## [Dataset content]
►

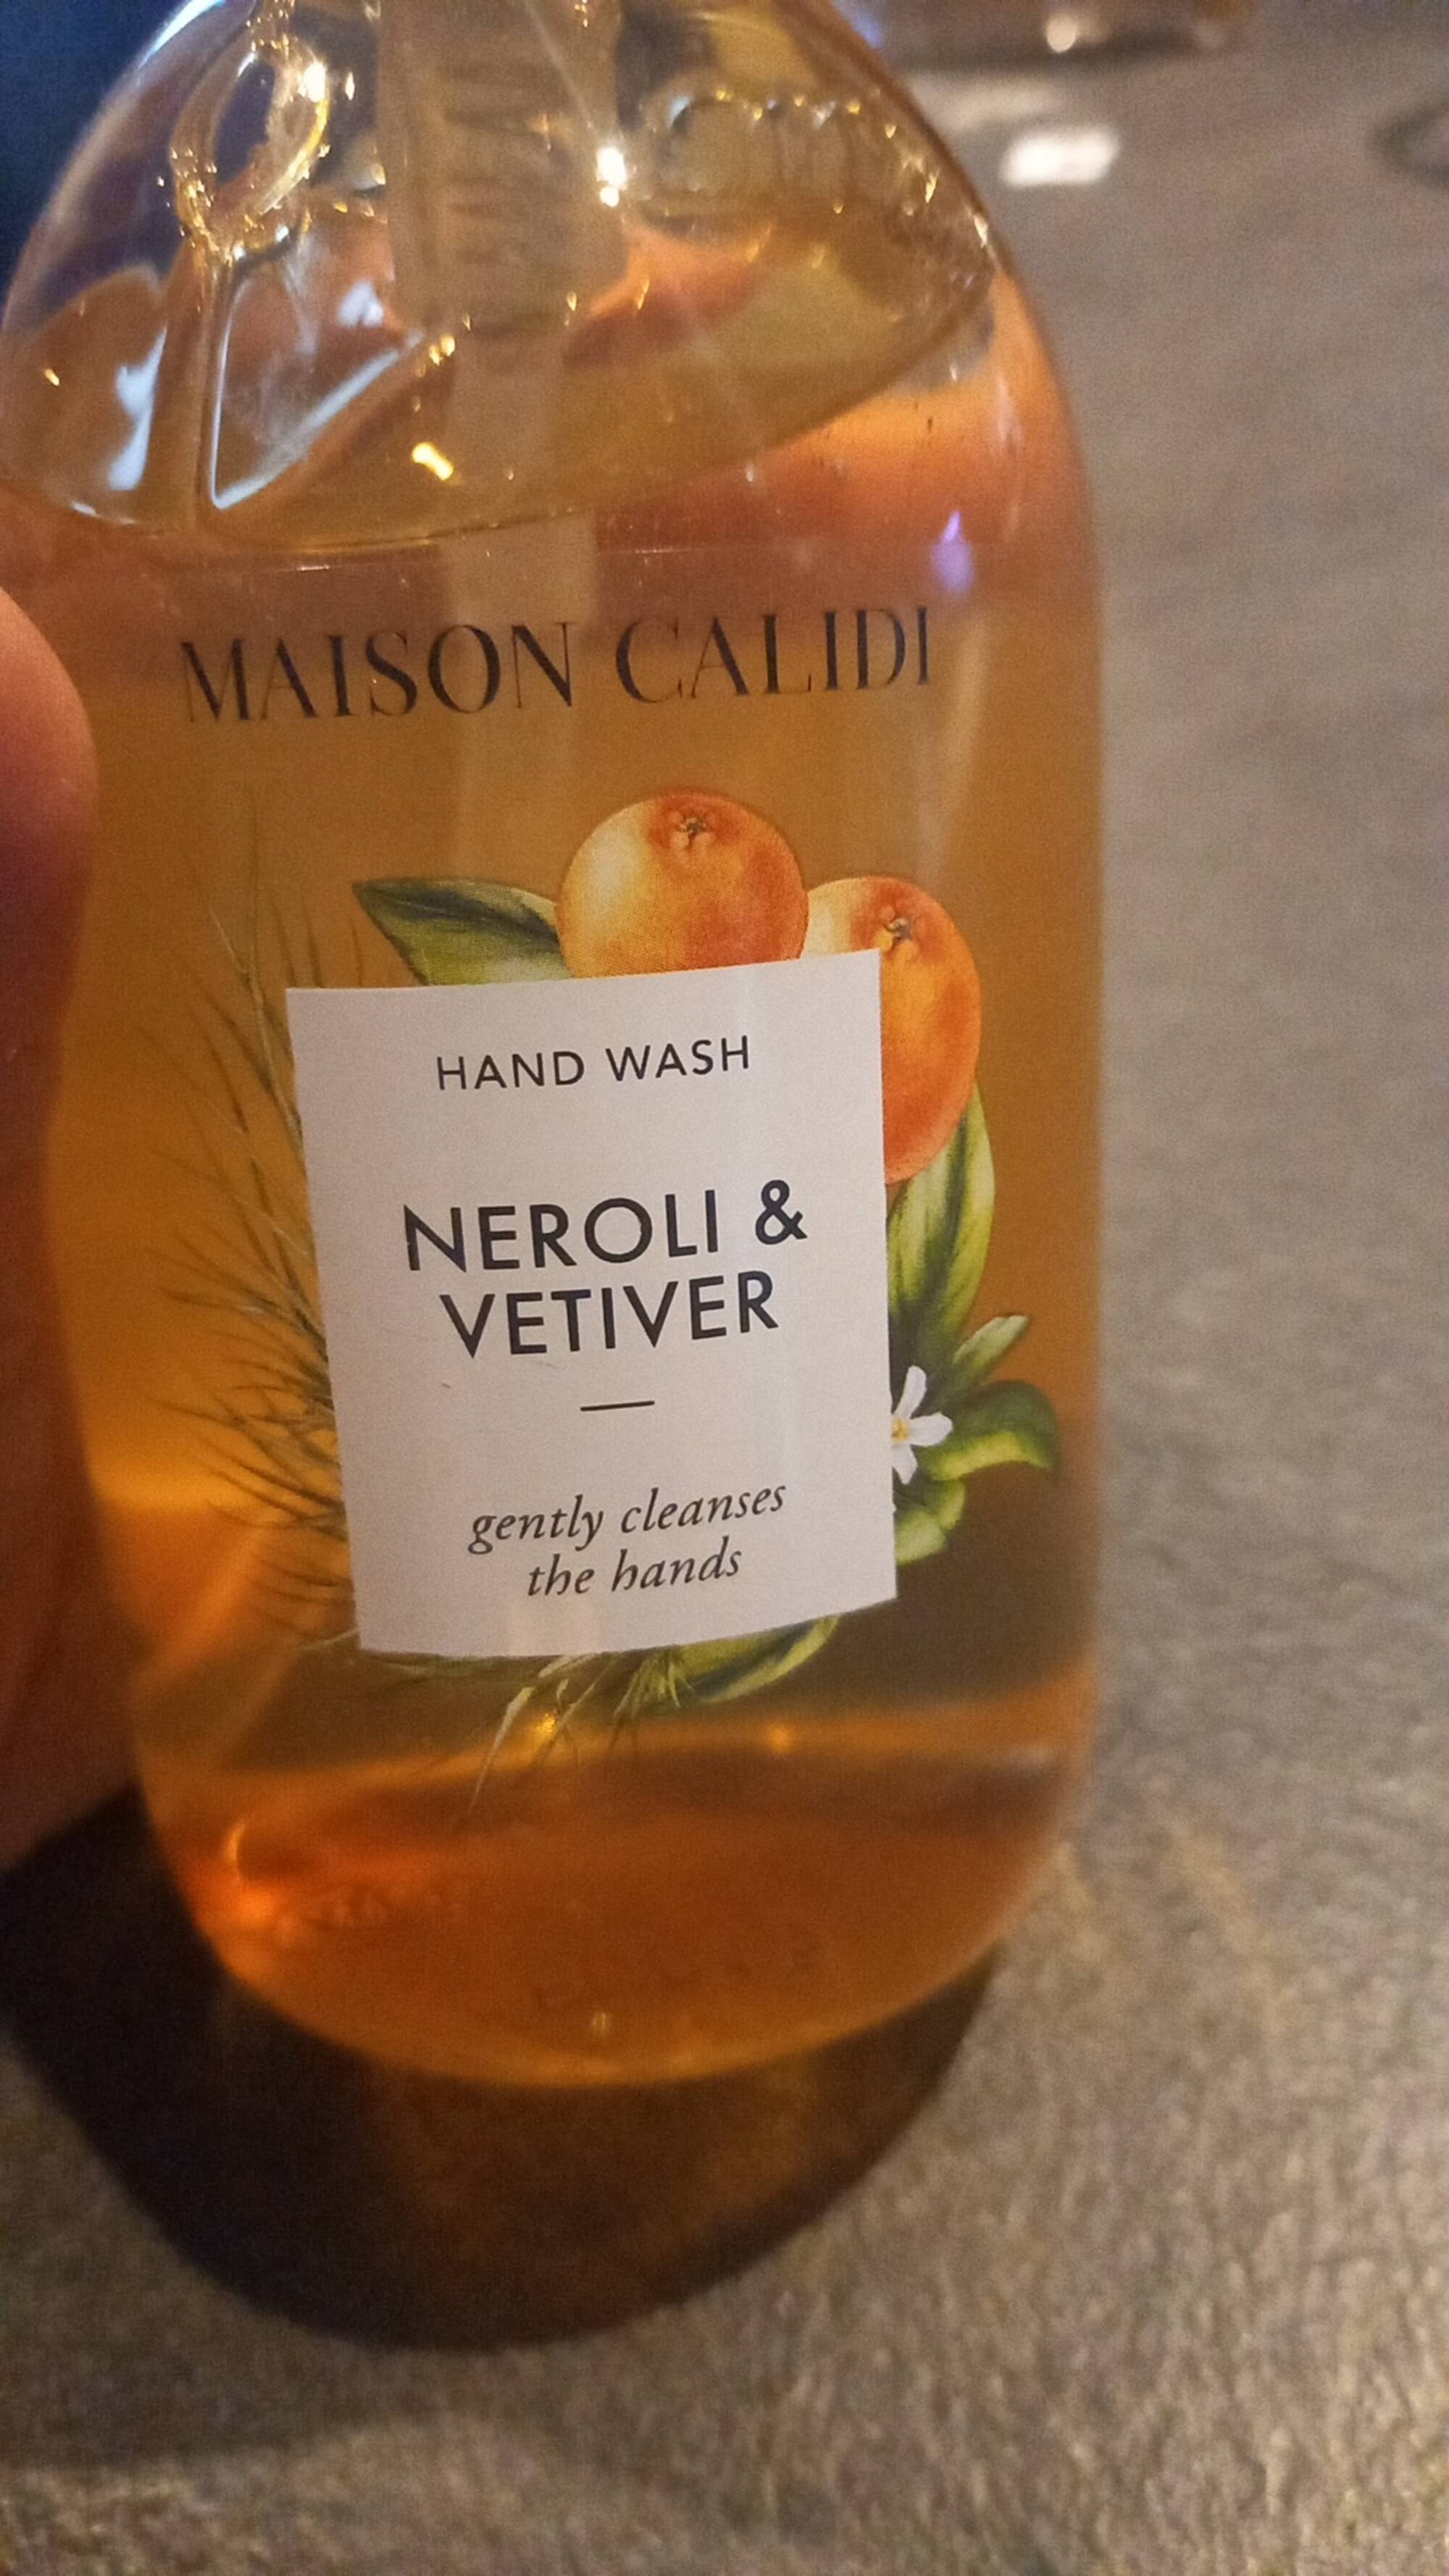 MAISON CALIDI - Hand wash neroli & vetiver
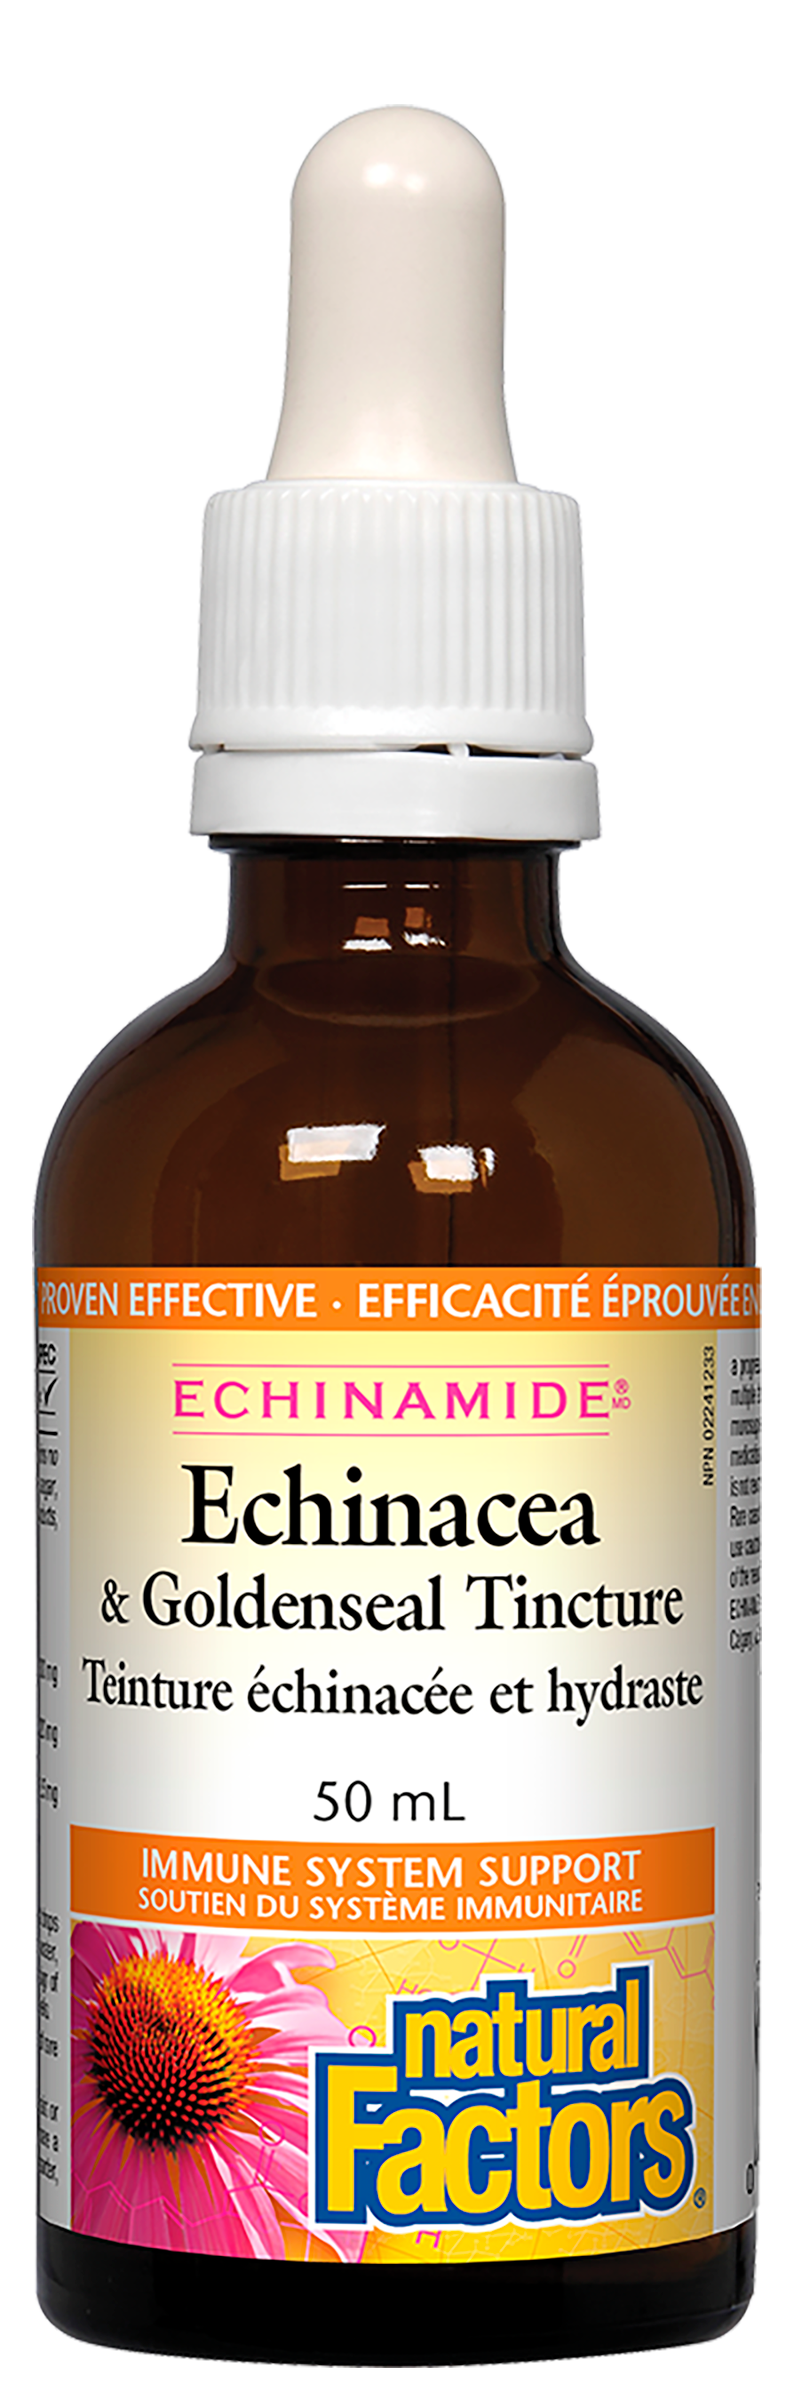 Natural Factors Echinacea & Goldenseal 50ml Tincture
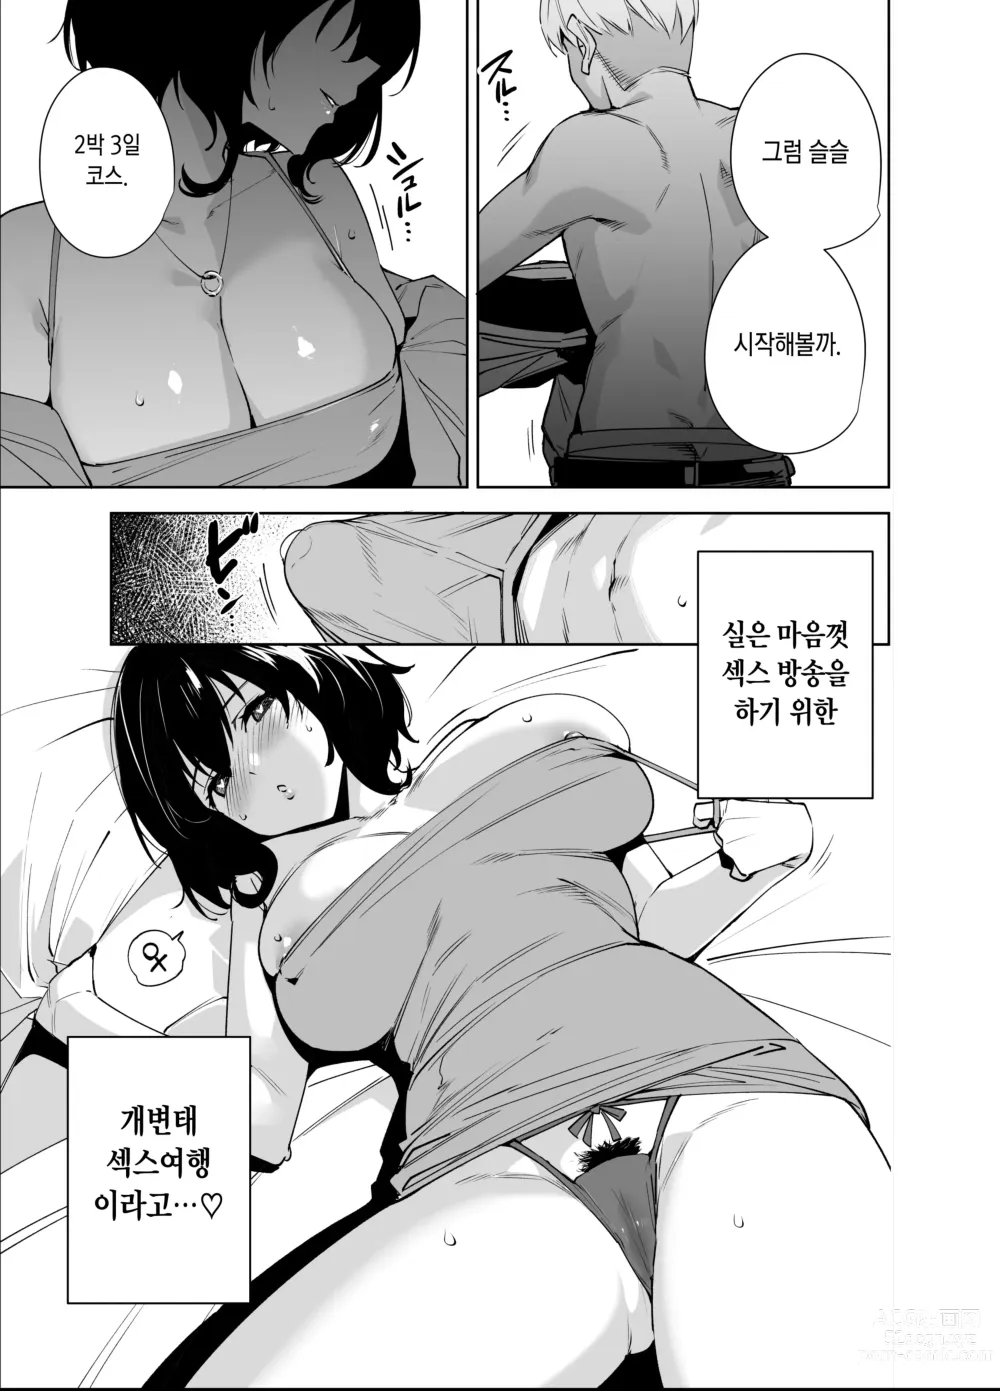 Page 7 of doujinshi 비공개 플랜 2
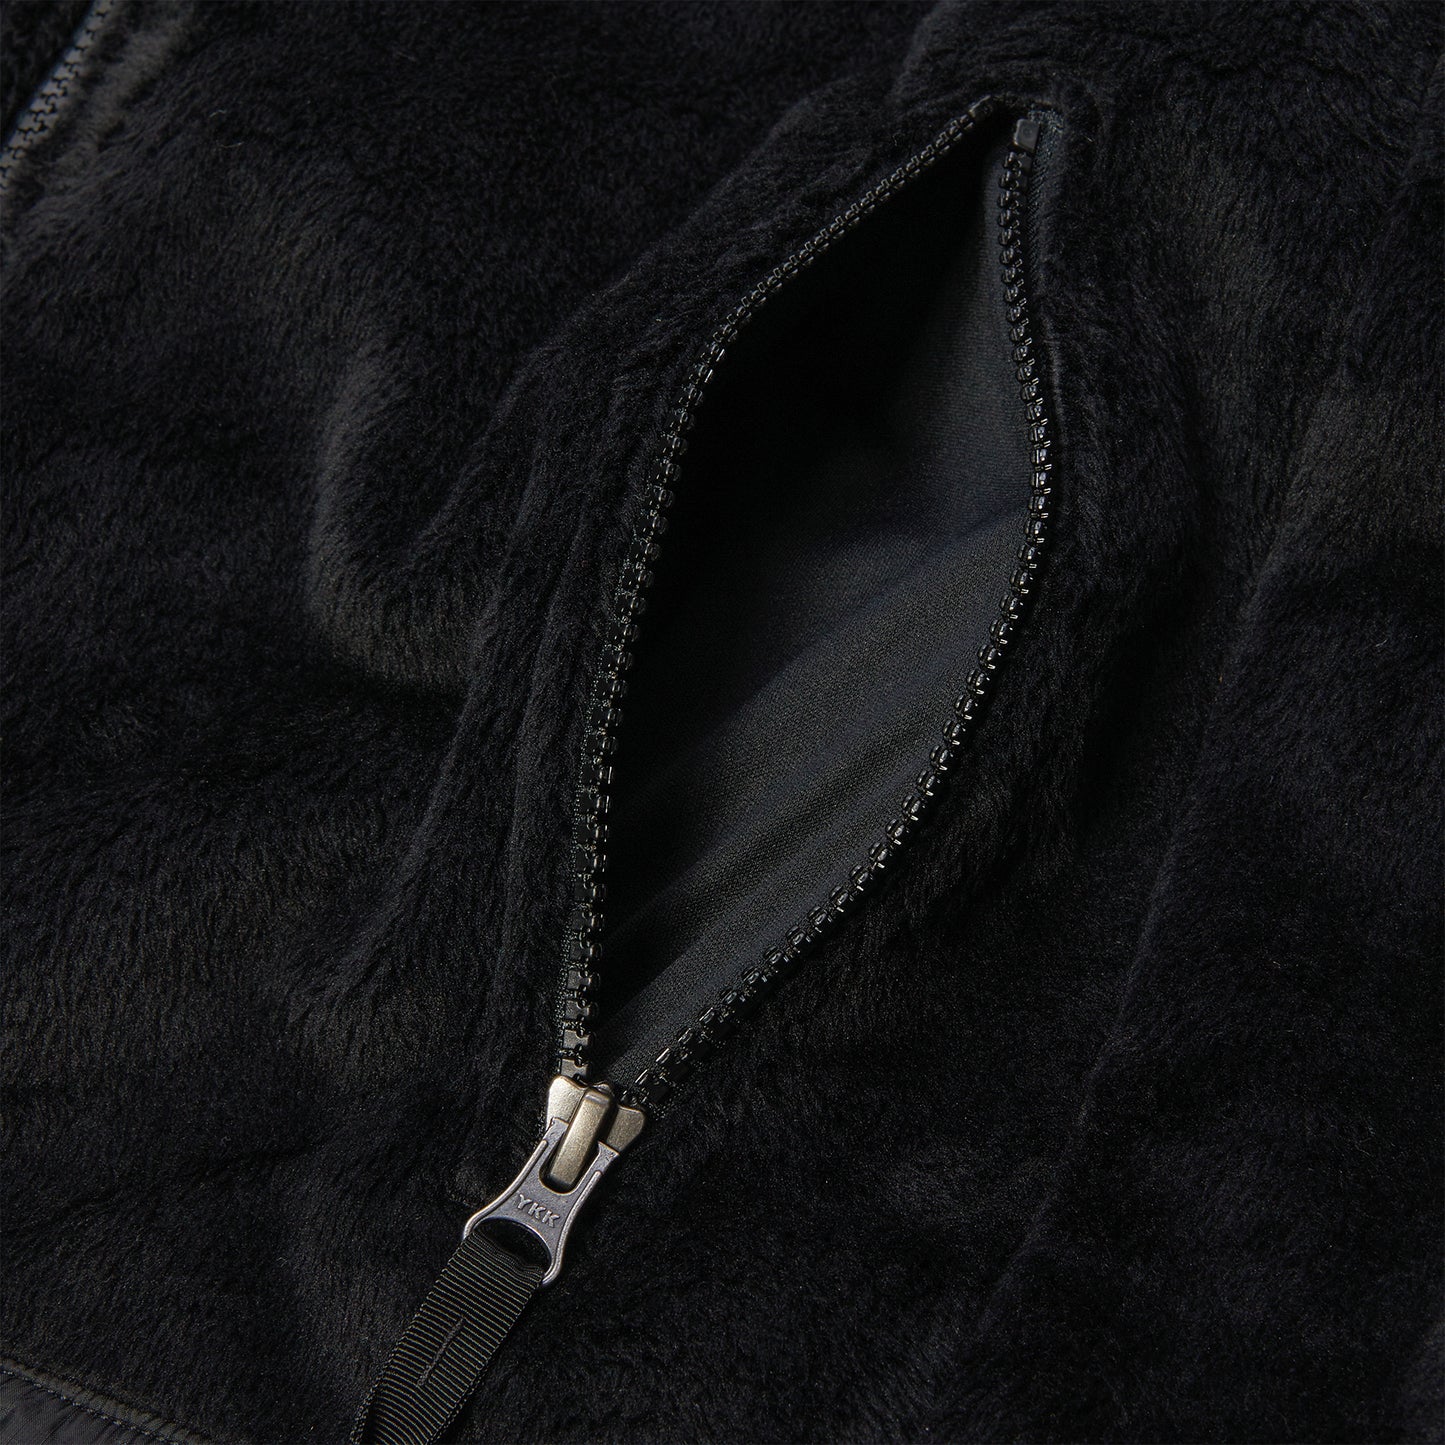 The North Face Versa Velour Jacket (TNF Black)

◄

## [Work item]
Nothing but an exact copy of the data, without pictures, should be returned.

## [Answer]
 MAISON CALIDI - Hand wash neroli & vetiver
 Natural Factors Echinacea & Goldenseal 50ml Tincture
 Page 7 of doujinshi 비공개 플랜 2
 The North Face Versa Velour Jacket (TNF Black)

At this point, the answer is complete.